What does 'humanism' mean? Some writers are intent on seeing similarities between all the things that have ever been labelled 'humanist'...but just because the same word is used, it doesn't follow that they have anything else in common, or are on a continuum. Does so-called religious humanism have anything significant in common with the kind of humanism that non-religious humanists endorse?
To clear these muddy waters, I turned to Andrew Copson, Director of Education and Public Affairs at the British Humanist Association (BHA).
Nigel: There is some confusion about what 'Humanism' means. What do you understand by the term?

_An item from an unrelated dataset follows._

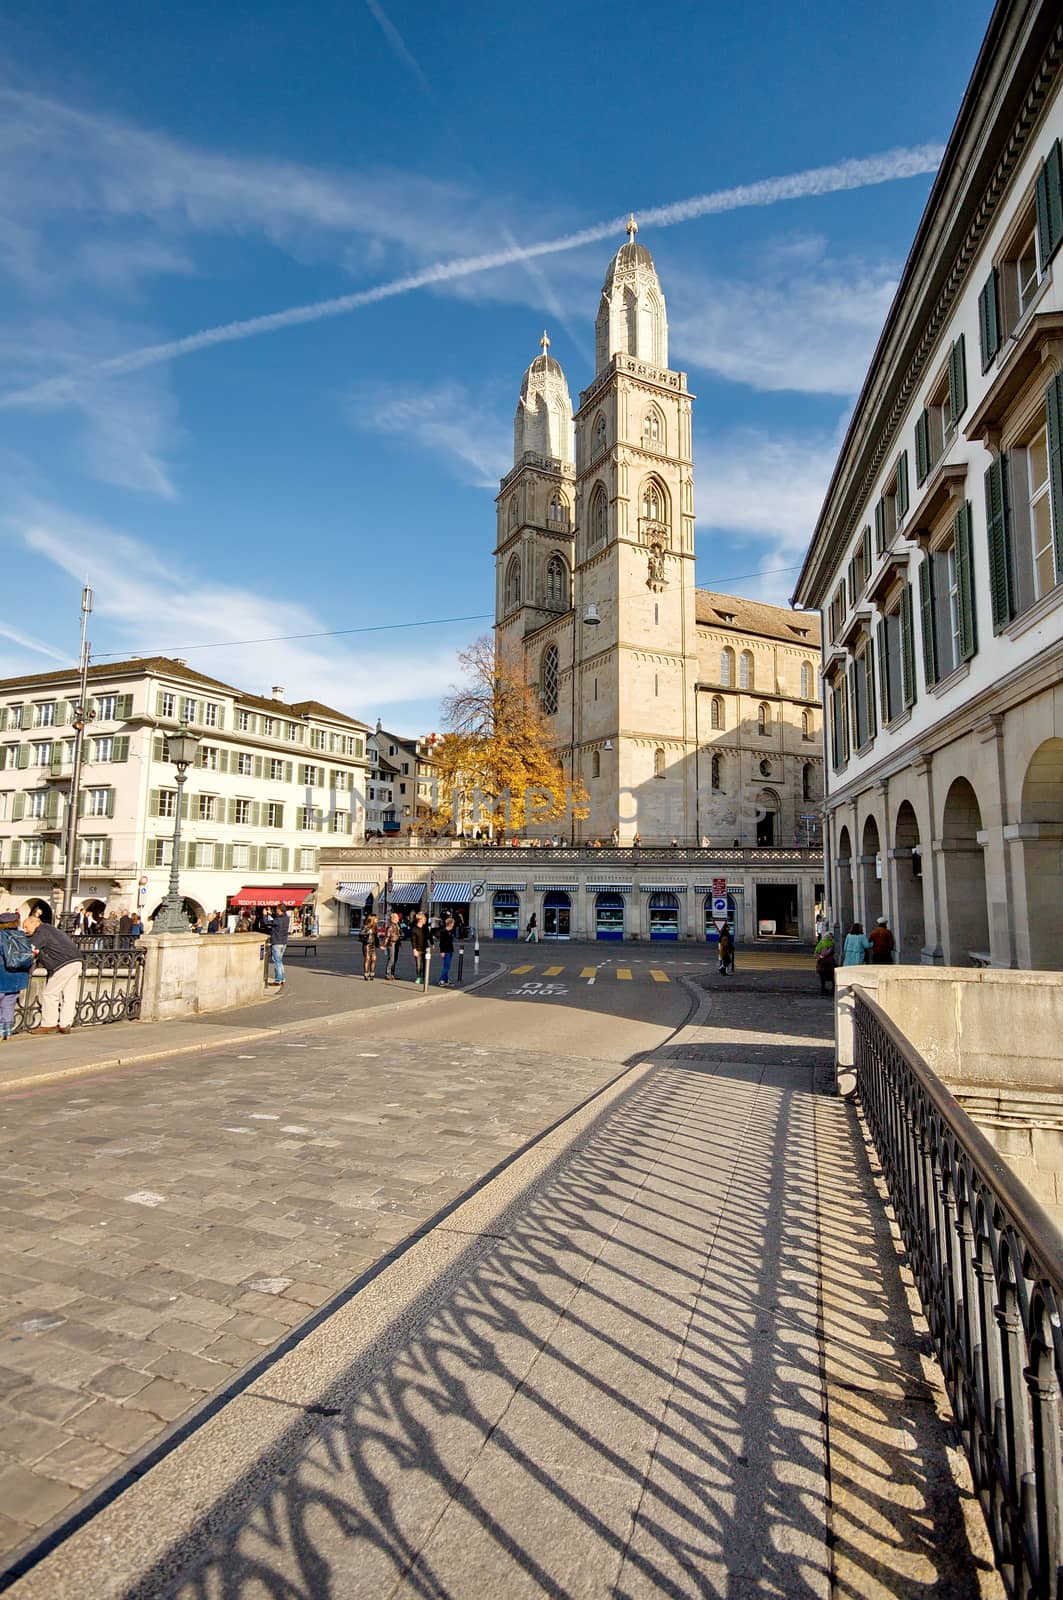 Cathedral of Zurich, Switzerland by anderm

Andrew: I think the Oxford Companion to the Mind has it right when it calls Humanism 'a morally concerned style of intellectual atheism openly avowed by only a small minority of individuals (for example, those who are members of the British Humanist Association) but tacitly accepted by a wide spectrum of educated people in all parts of the Western world.' This contemporary and widely-shared meaning, which the word has had now for over half a century, takes it to denote a non-religious worldview entailing a belief in reason and evidence as the ways of understanding reality, in human welfare and fulfillment as the aim of morality, and in the capacity of humanity to make meaning and purpose for itself in the absence of any 'ultimate' meaning or purpose to the universe. This is the meaning of the word understood by the British Humanist Association and all the other national Humanist organisations in the world, and the meaning that is commonly understood in education in UK schools today. It is the Humanism described in books like Richard Norman's On Humanism (Routledge) or Jim Herrick's Humanism: An Introduction (RPA) and great books from the 1960s such as Hector Hawton's Humanist Revolution. Any confusion that there still is over the term, I think, is down to the word having had different uses at different points in the past, before it came to mean what it mainly means today, and this sometimes gives rise to misleading uses of the word.